Good Sex Ed, Happier Teens: Why Talking About Real Sex Helps Boost Self Esteem

A radical new approach to sex education admits that bodies are normal and healthy sex is fun. Welcome to the twenty-first century, folks.

This week's New York Times Magazine cover story, "Teaching Good Sex" profiles Al Vernacchio, a high school teacher in Philadelphia's Main Line with a radical approach to sex ed: He thinks it's cool for kids to know that sex is fun. 

The goals of Vernacchio's "Sexuality and Society" class (an elective for upperclassmen), along with the rest of the grass roots push for truly comprehensive sexual education, is to teach teenagers "nitty-gritty information about how to have not just healthy but pleasurable sex," as Amanda Marcotte puts it over on Slate's XXFactor Blog

Okay, simmer down, because it's a little more nuanced than that.

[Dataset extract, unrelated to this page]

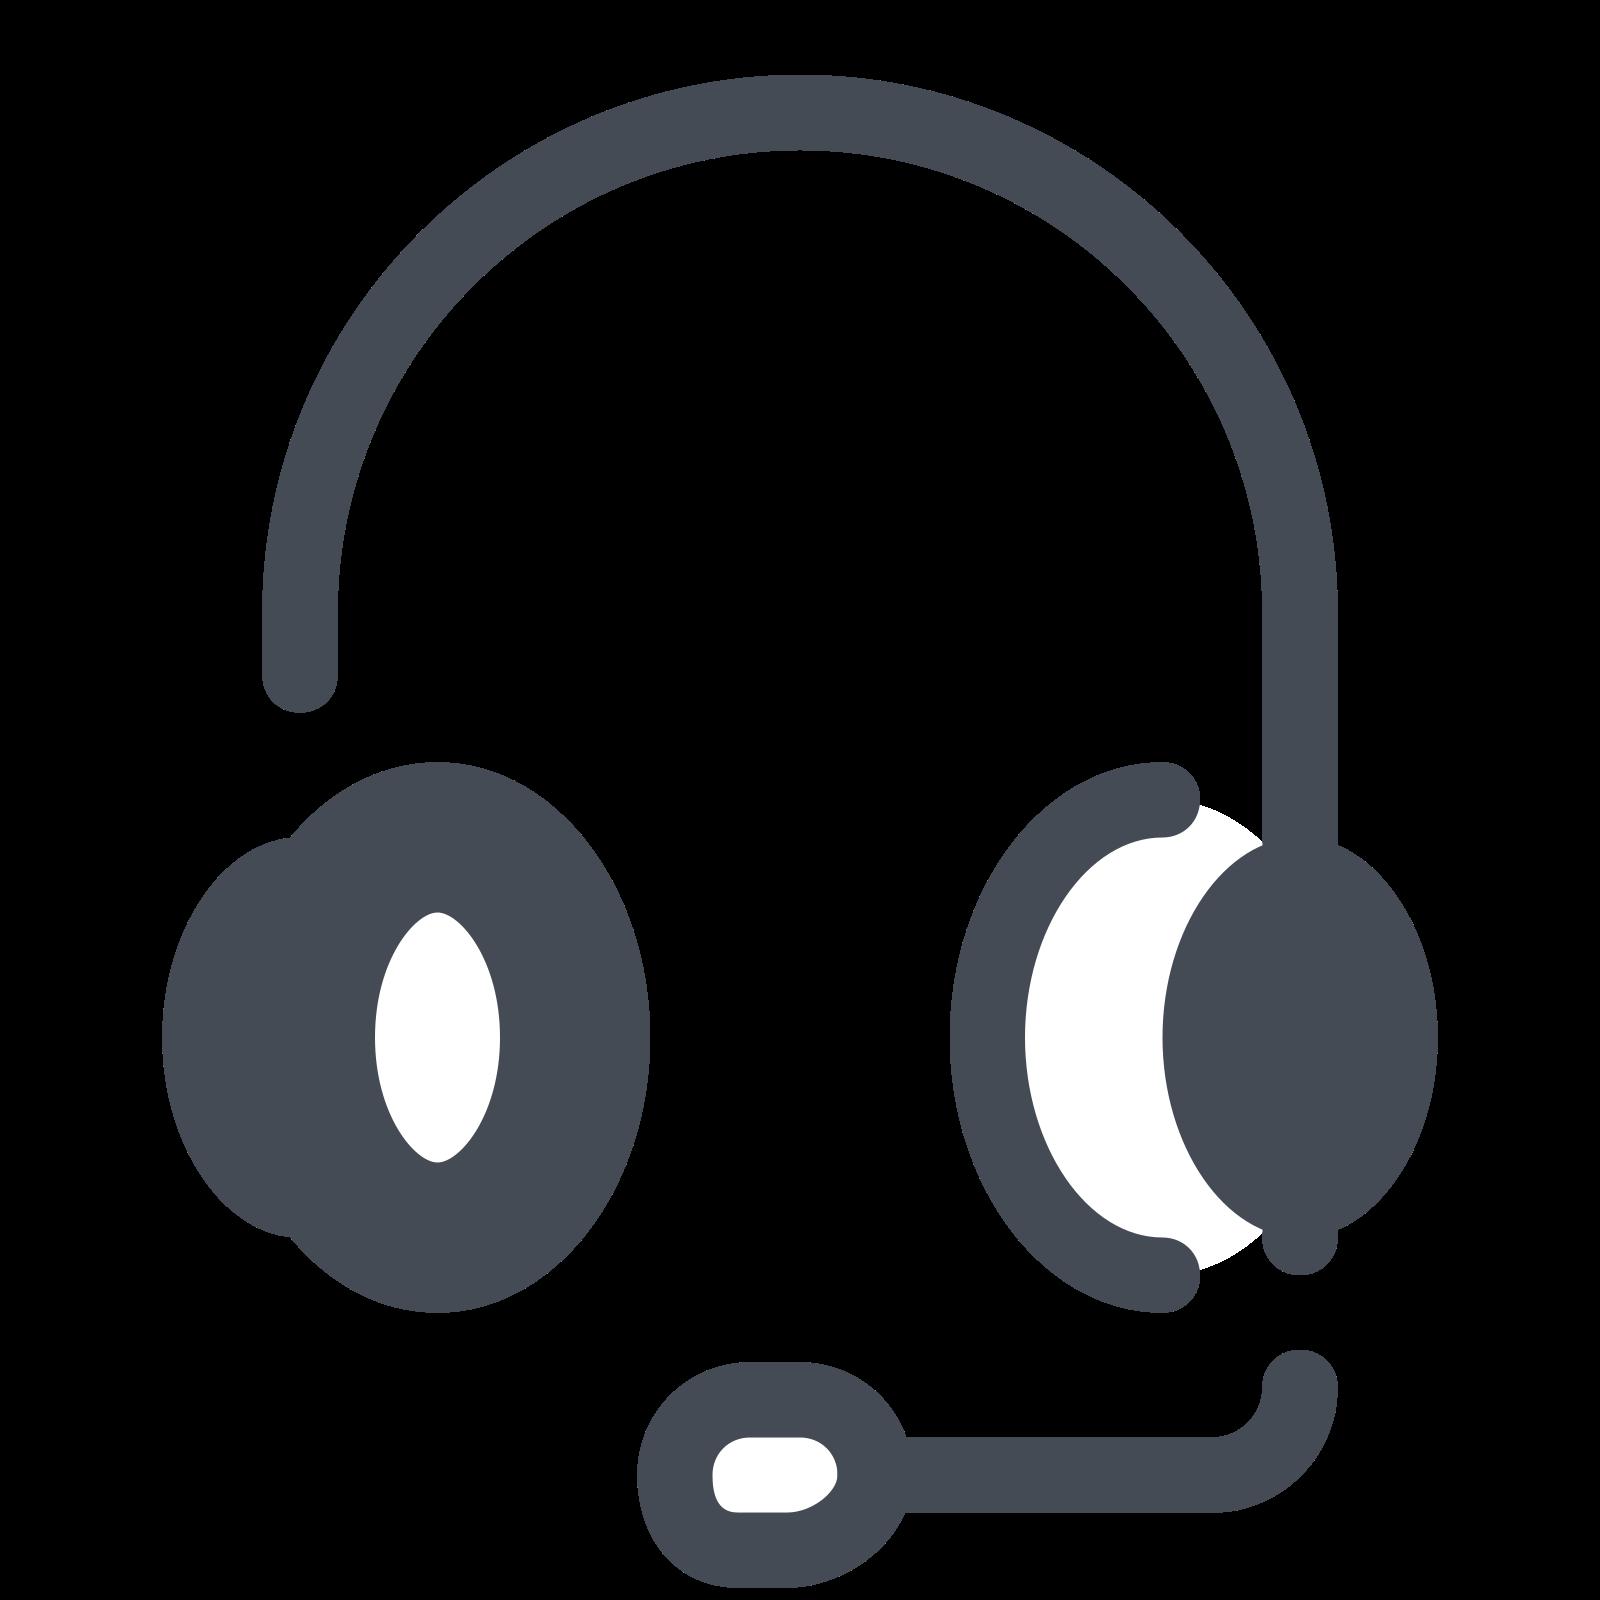 Наушники icon
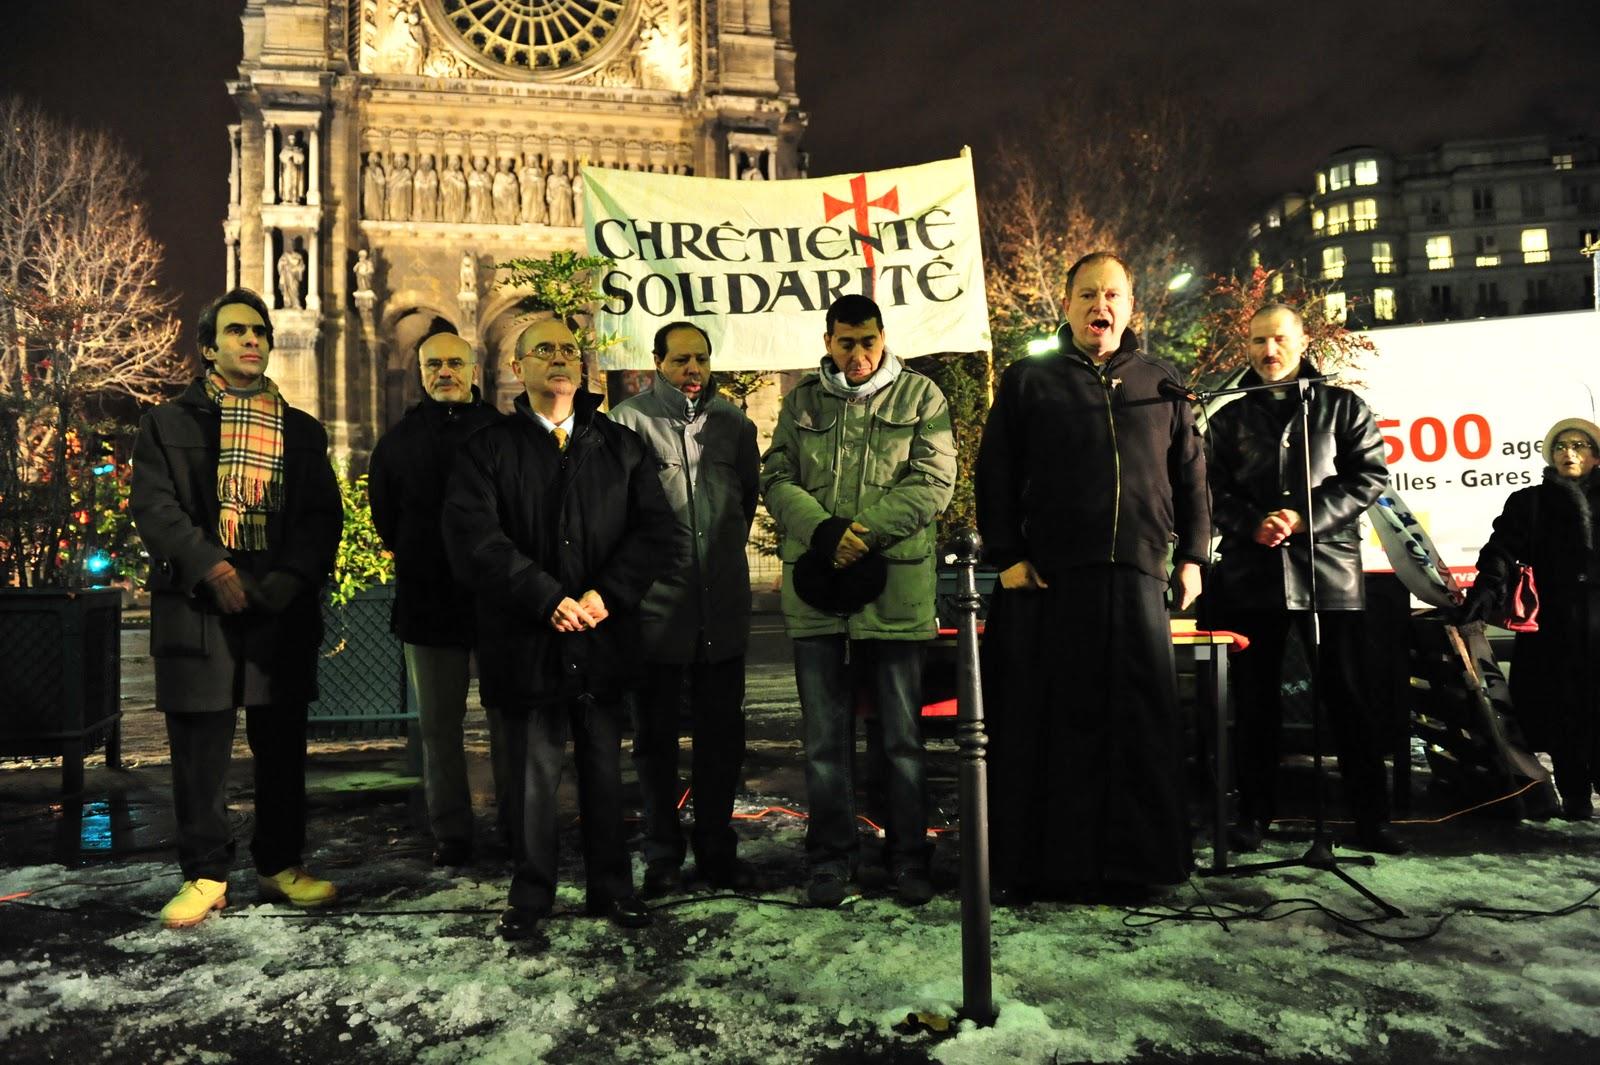 Chrétienneté-Solidarité

The rationale is: Sex IS fun -- and kids are already getting that message loud and clear from music, movies, and their own bodies, so sex educators lose their audience when they try to force a seemingly contradictory, dour "sex is deadly!" lesson plan on students. And, if kids don't feel like they're getting helpful information from sex ed class, they turn to porn. Porn is very clear about the sex-is-fun part -- from a guy's perspective, anyway. But it also reinforces unhelpful myths regarding female sexual pleasure and does a terrible job of educating kids about health, safety and respect. In contrast, Vernacchio's class offers a balanced take. “As much as I say, ‘This is how orgasms work, and they’re really cool,’ I say there’s a lot of work to being in a relationship and having sex," he told the Times.

Research shows that a comprehensive sex ed model works; contraceptive use goes up and pregnancy rates go down. But the approach also helps kids navigate over some of the biggest body image hurdles faced during the teenage years. Getting information about sex from porn isn't just going to teach you some crazy things about sex. It's also going to teach you some crazy and unrealistic things about what the female body should look like, which is going to make it more difficult to like what you see in the mirror whether your clothes are on or off.

Plus, when girls only see women enjoying sex illicitly (as porn stars) and are otherwise told that sex is dangerous, forbidden and shameful, it's easy for them to think their own sexual desires are shameful. And since your sexual desires are rooted in your body, that brings us right back to feeling bad about your body. 

Like we don't give teenage girls enough reasons to do that. 

In addition to normalizing the idea that sex is fun, Vernacchio shows his students dozens of photographs of real penises and vulvas "so they'll be less freaked out by their own and, one day, their partner's" -- especially when real life genitalia fails to match up to the porn version. He also talks about how body image issues and other self-esteem woes can make it more difficult to speak up for yourself in a relationship. 

Exposing kids to this version of sex teaches them that it's fun, yes, but also that it's real, messy and confusing. More importantly, they learn that their bodies are normal and healthy -- and worthy of love and respect. And that's a lesson you're never too young to learn.